WebNews Crawler

WebNews Crawler is a Java application to crawl (download, fetch) resources via HTTP. You can use it as a generic crawler to download WEB pages from Internet. It has a set of filters to limit and focus your crawling process. In addition WebNews Crawler comes with a powerful HTML2XML library that can extract desired data from HTML pages and represent it in XML format. Together with ability to parse RSS feeds this crawler is useful for acquiring and cleaning WEB news articles.
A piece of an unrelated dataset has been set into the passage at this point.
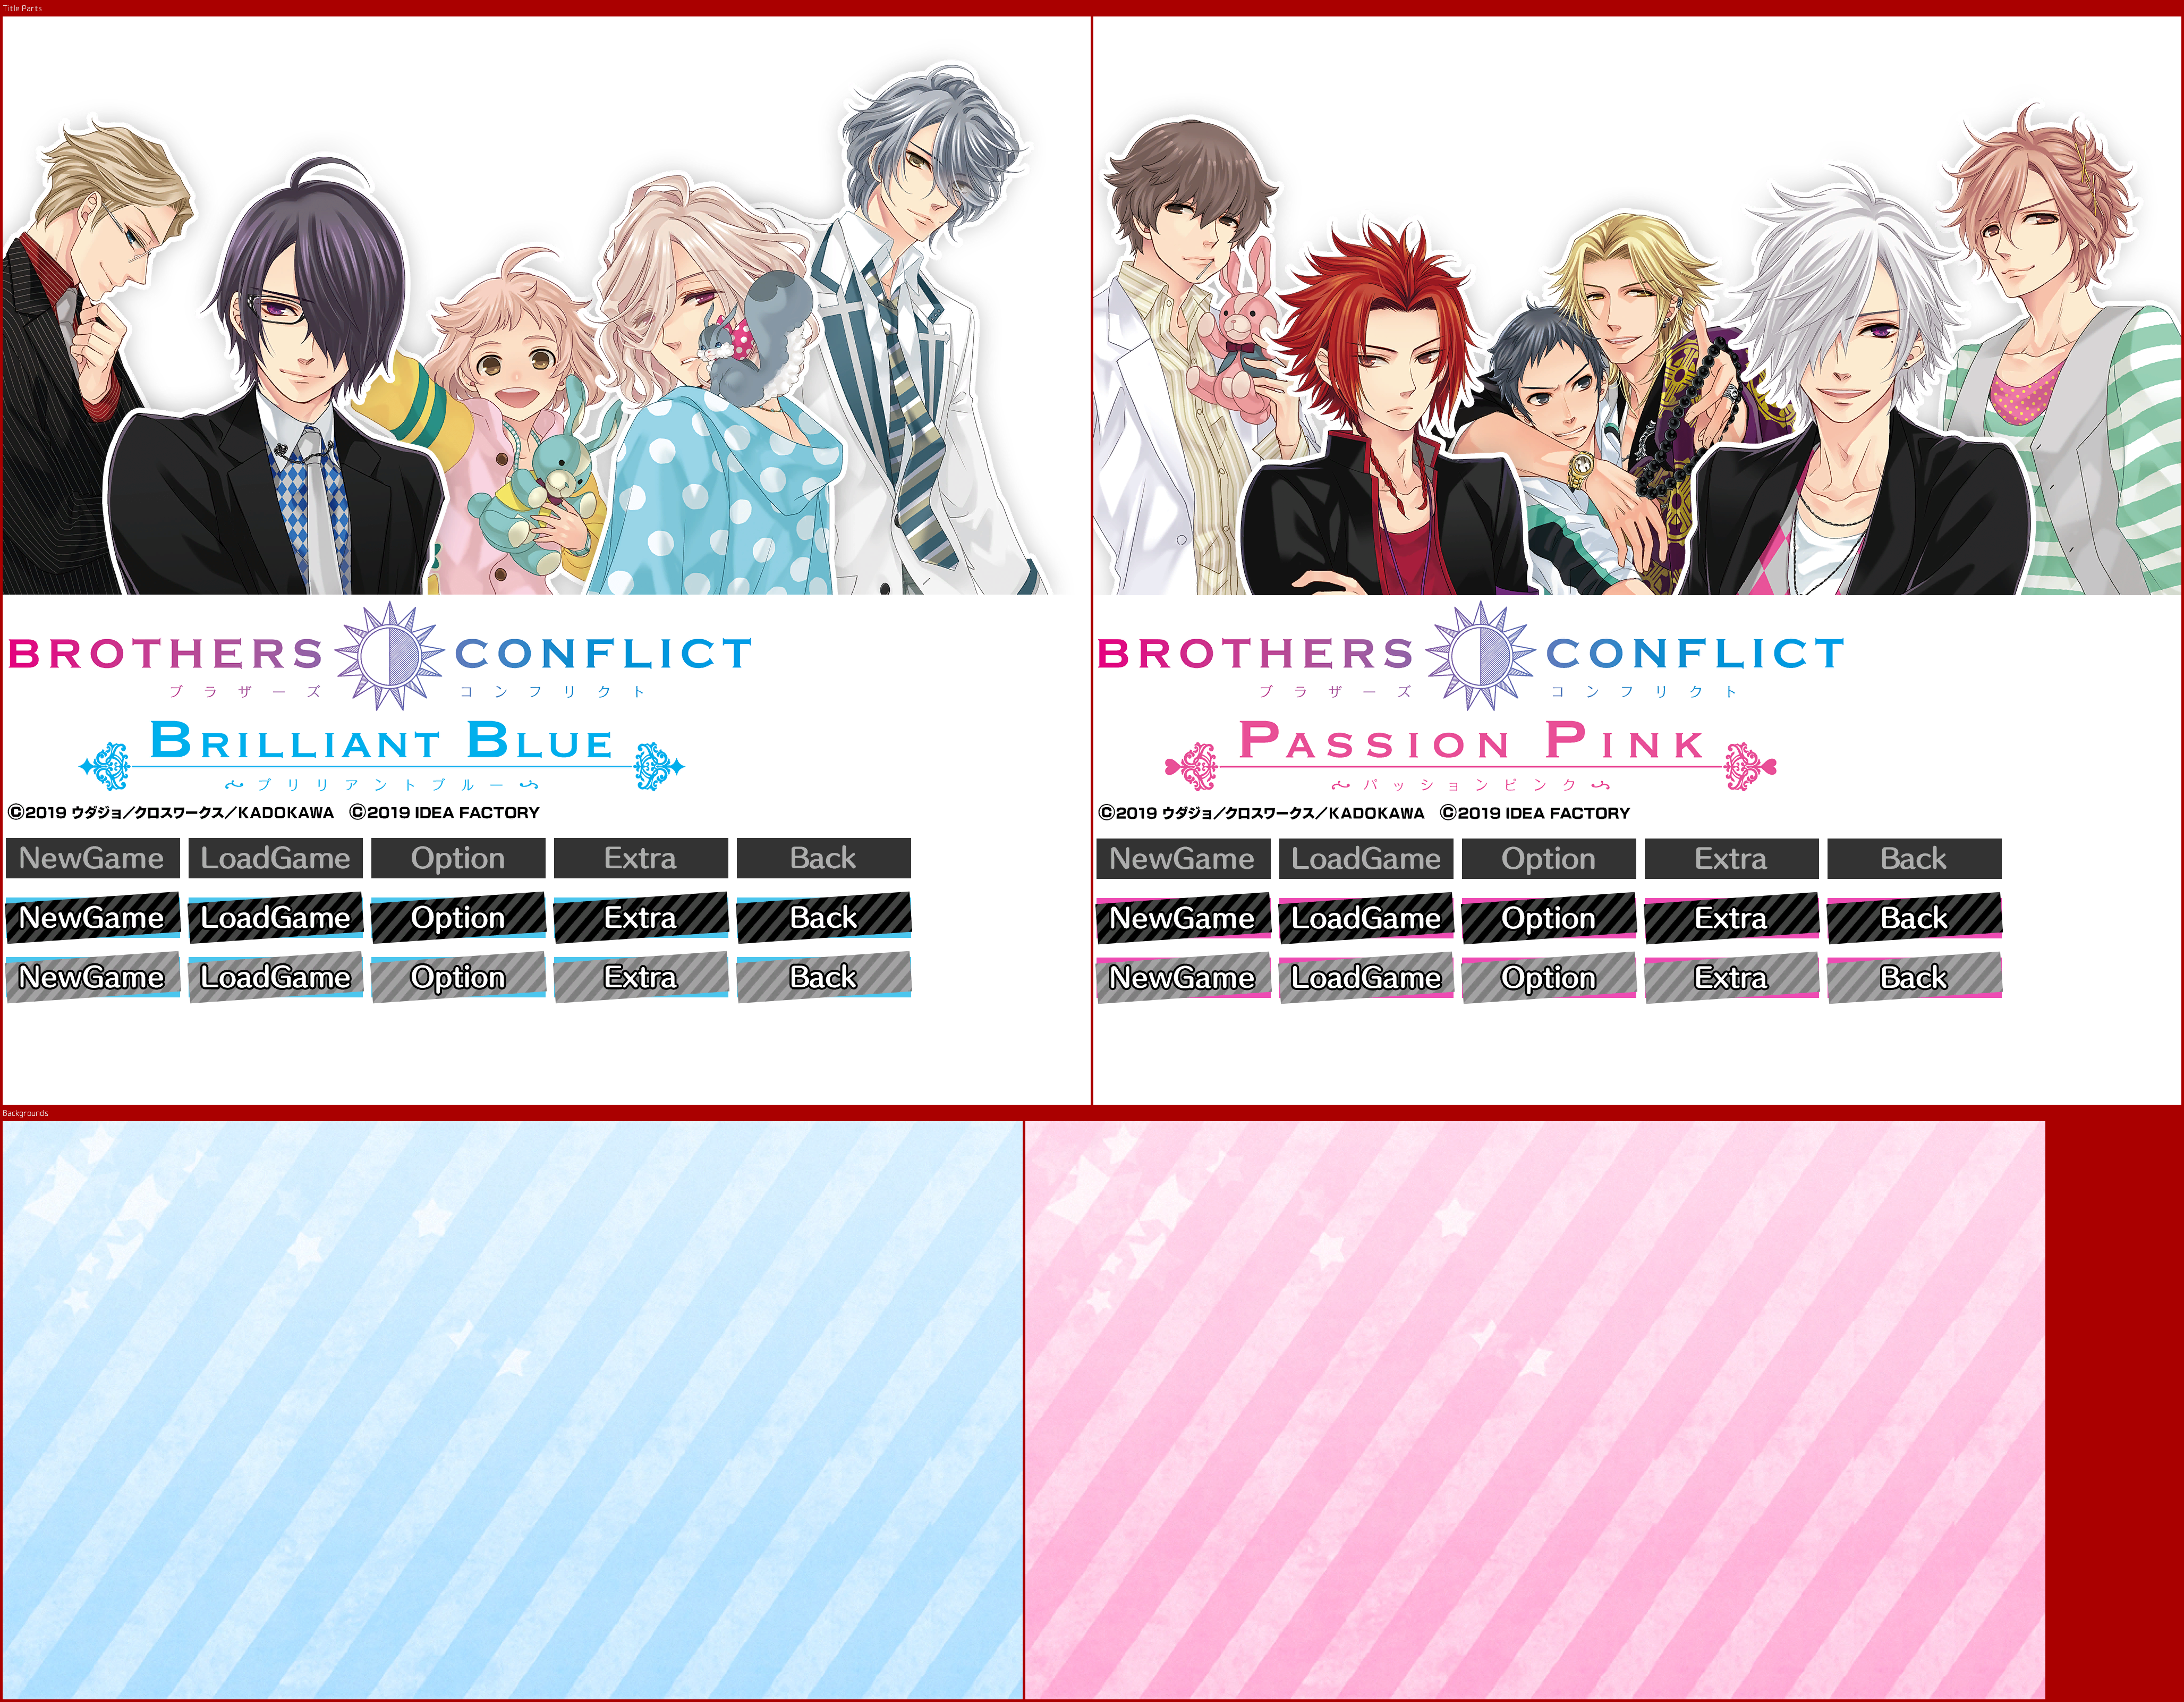 BROTHERS CONFLICT: Precious Baby for Nintendo Switch (Japan) - Game Title Screens

This software is used as a part of ALVIS search engines:
http://wikipedia.hiit.fi/searchenginenews/front
http://wikipedia.hiit.fi/searchenginenews/background.html
See more about ALVIS project here:
http://www.alvis.info/alvis/

Installation

WebNews Crawler is a pure Java application. You need Java Runtime Enviroment (jre) version 1.5.x or higher to be installed and configured to run it. This software is platform independent and tested on Windows and Linux boxes. No special installation for the package itself is required. All you need is to download and unpack WebNews Crawler package archive into some location on your hard drive.

User Manual

Prepare list of URLs to crawl.
Fill 'bin/news-rss.crl' file by your tasks.
Modify configuration files according to your needs.
Open and edit 'bin/conf/crawler.properties' file. It contains all important parameters related to the crawling process.
(a) Start the crawler in a console (shell> here is your command prompt)
cd to the 'bin/' directory of the package:
shell> cd unpacked_pakage_dir/bin
Start the crawler process and wait until it is finished:
shell> java -jar webnews-crawler.jar -cmd start

(b) If you plan to crawl a lot of URLs then consider to use a server mode of the crawler instead of step 3(a). To do this start the crawler server (change 12345 to some port number):
shell> java -jar webnews-crawler.jar -cmd server -p 12345
Use TanaSend.jar to send a 'start' command to the server (Read more about communication protocol):
shell> java -jar TanaSend.jar localhost:12345 cmd:start
Now you can control and monitor the crawling process by sending commands listed below:

cmd:	Description
start	Start a crawling process.
pause	Pause a crawling process.
resume	Resume a crawling process after it has been stopped.
stop	Stop a crawling process. Cannot be resumed.
shutdown	Shutdown the crawler.
exit	Interrupt a crawling process.
stat	Get statistic from the crawler.
log	Change log4j properties file and reload it. Requires a parameter 'file'.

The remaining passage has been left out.